Ciencia y filosofía: un diálogo inevitable

Autor: Padre Fernando Pascual, L.C.

Profesor de filosofía y bioética en el Ateneo Pontificio Regina Apostolorum

Fuente: es.catholic.net (con permiso del autor) 

 

No resulta fácil comprender bien qué relaciones existen entre la ciencia y la filosofía. Para algunos, tales relaciones son extrínsecas: el filósofo puede, si lo desea, hablar sobre temas científicos como de algo ajeno a sus competencias, o el científico puede hablar de argumentos filosóficos como también habla de fútbol o de política. Para otros, la ciencia no puede dejar de lado la filosofía, y la filosofía no puede prescindir de la ciencia.

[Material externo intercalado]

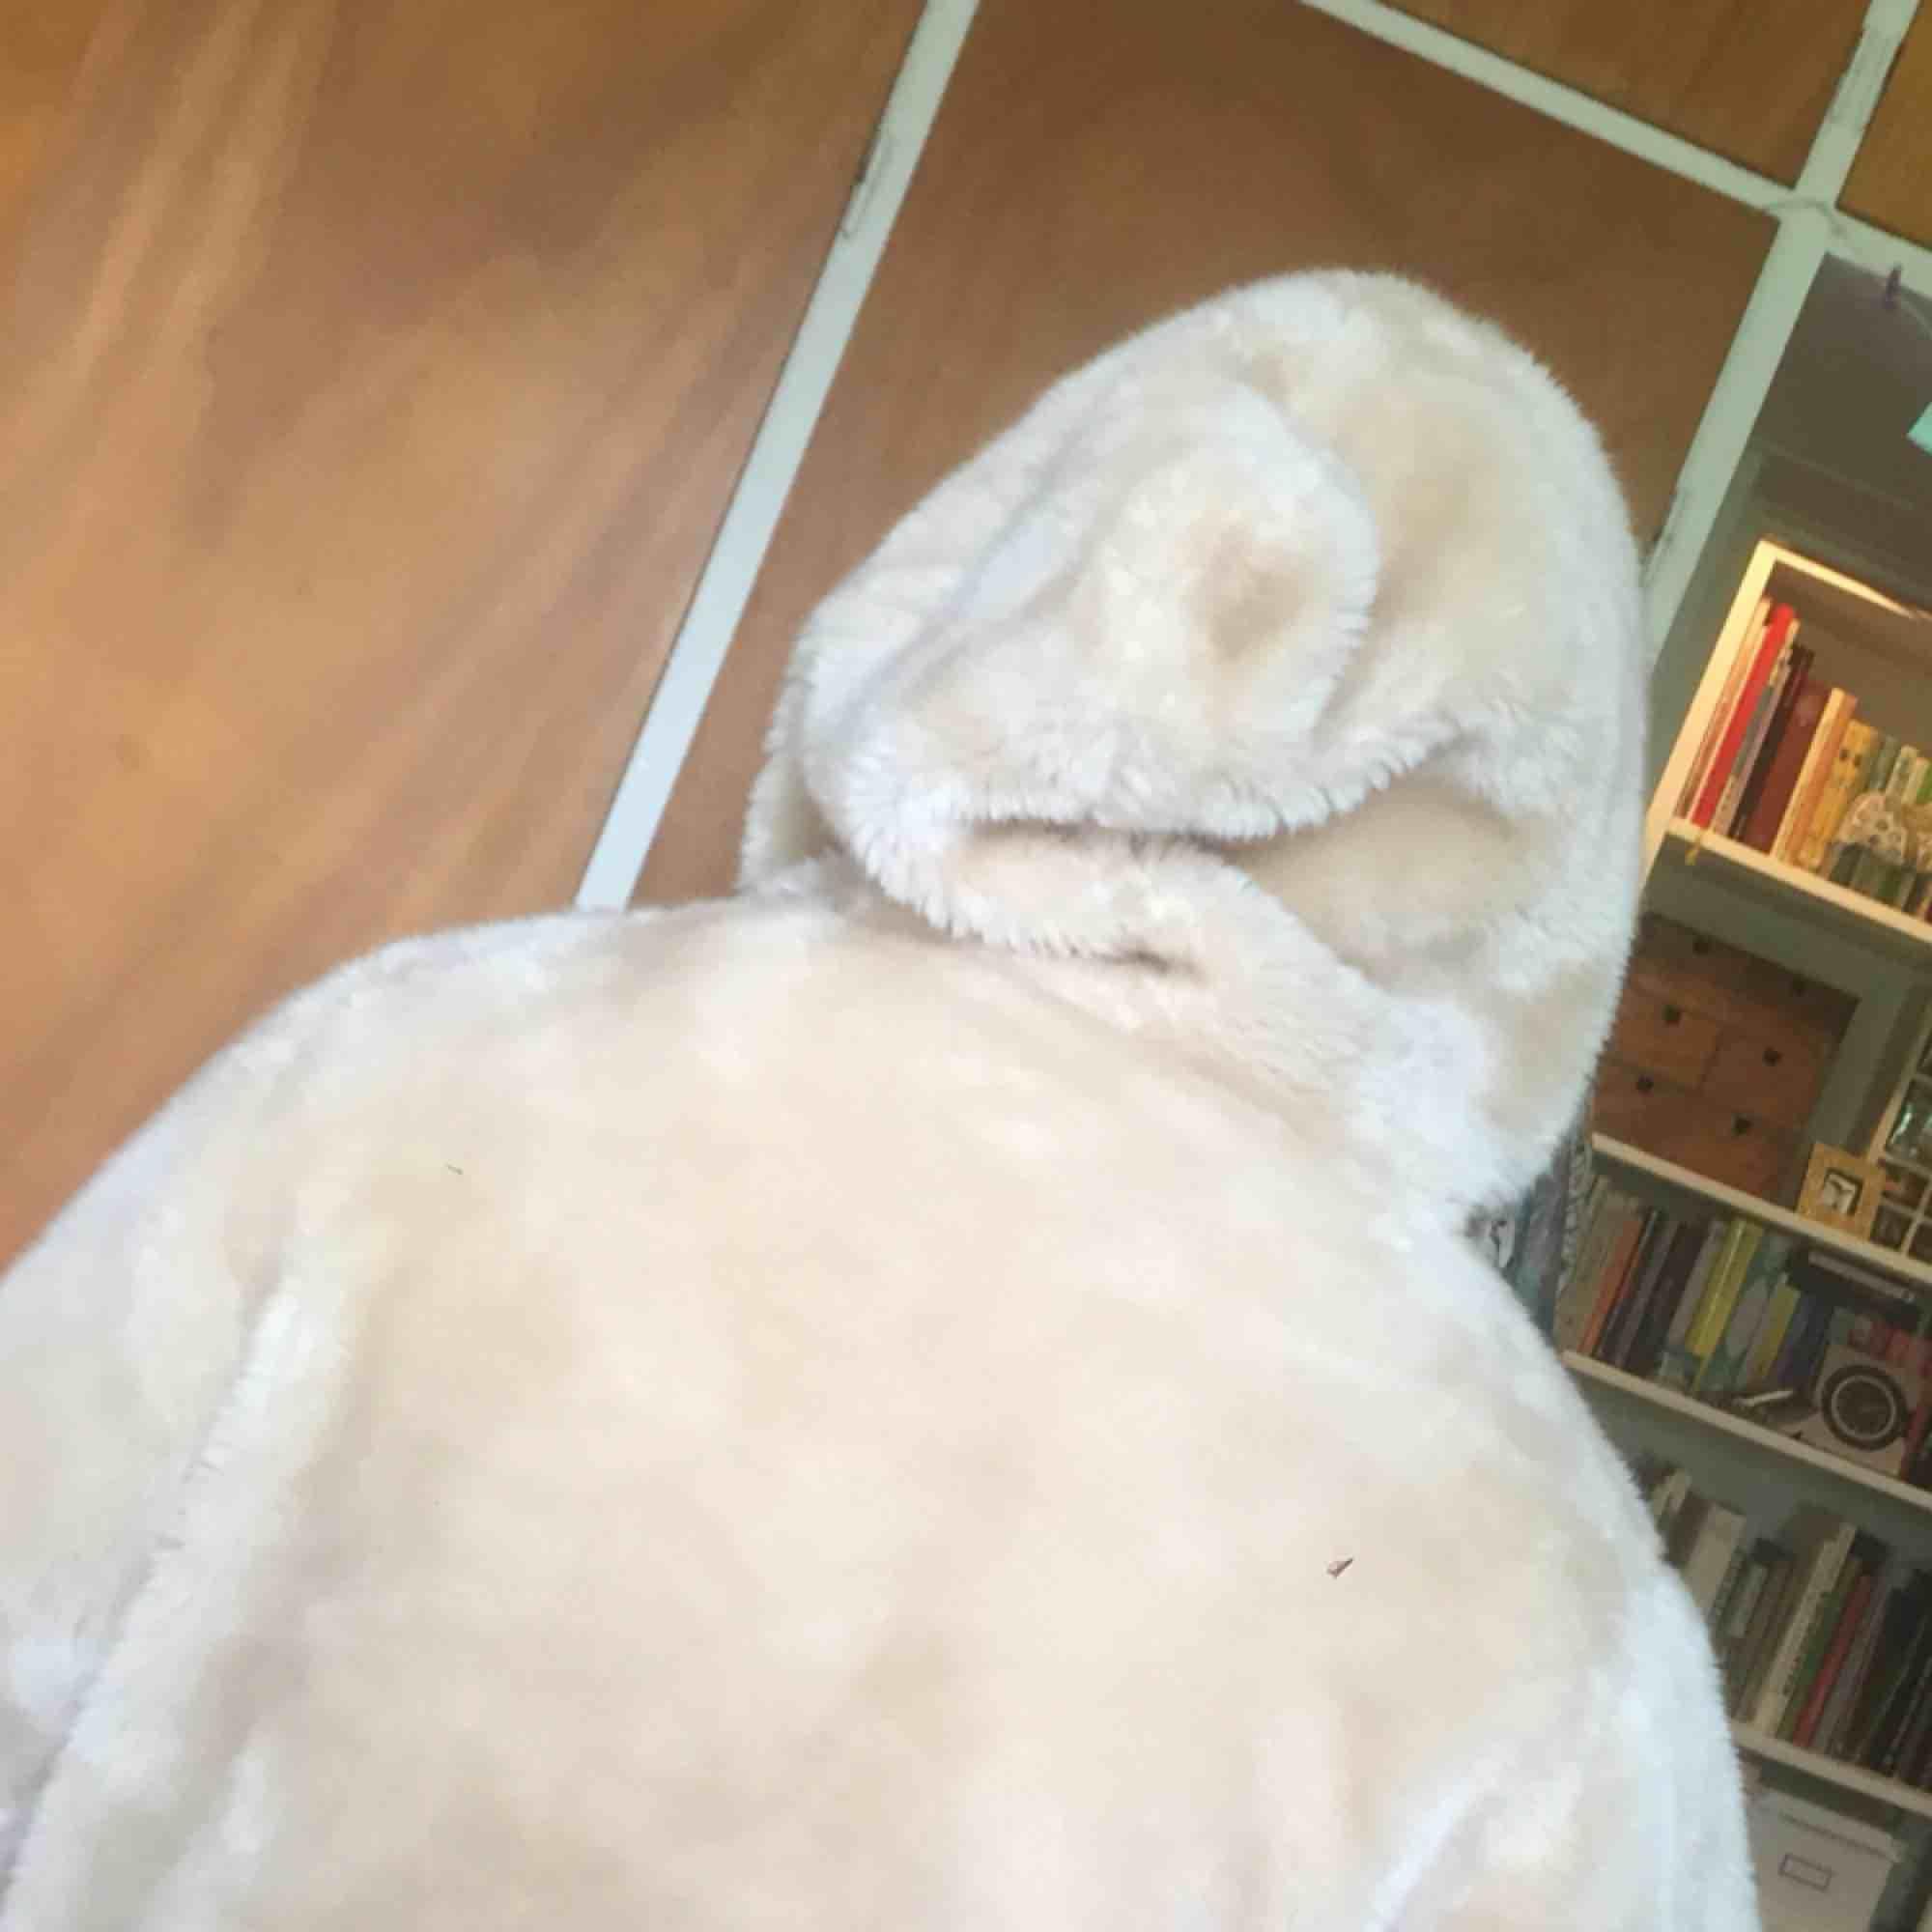 En vår/höst/vinterjacka köpt på humana i fakefur! Går att lagra så att den håller värme och är praktisk. Eller bara använda som statementpiece! Har två fickor och en gosig och skön huva . Jackor.

Para afrontar este tema, vale la pena preguntarnos qué entendemos por ciencia. Descubriremos así cómo la ciencia vive en un continuo diálogo con la filosofía.

En nuestro tiempo, muchos piensan que “ciencia” coincide simplemente con ciencia experimental, empírica, con aquellos saberes cuantificables gracias a la ayuda de números y de instrumentos de alta precisión.

En un sentido más genuino e incluyente, según la filosofía, la ciencia es un conocimiento sistemático que permite comprender las causas de los hechos y de los seres. Tal saber sería alcanzable con un método adecuado a cada sector del saber, pues no todas las realidades pueden ser estudiadas de la misma manera.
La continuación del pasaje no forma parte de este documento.